> PROBLEM DESCRIPTION
Reproduce each entry below in full, exactly as it was given.

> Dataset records

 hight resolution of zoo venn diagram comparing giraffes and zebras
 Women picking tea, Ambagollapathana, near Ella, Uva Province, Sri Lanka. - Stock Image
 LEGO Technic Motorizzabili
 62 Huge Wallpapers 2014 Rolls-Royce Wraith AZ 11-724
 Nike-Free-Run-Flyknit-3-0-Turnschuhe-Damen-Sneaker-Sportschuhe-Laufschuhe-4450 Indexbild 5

> RESULT
 hight resolution of zoo venn diagram comparing giraffes and zebras
 Women picking tea, Ambagollapathana, near Ella, Uva Province, Sri Lanka. - Stock Image
 LEGO Technic Motorizzabili
 62 Huge Wallpapers 2014 Rolls-Royce Wraith AZ 11-724
 Nike-Free-Run-Flyknit-3-0-Turnschuhe-Damen-Sneaker-Sportschuhe-Laufschuhe-4450 Indexbild 5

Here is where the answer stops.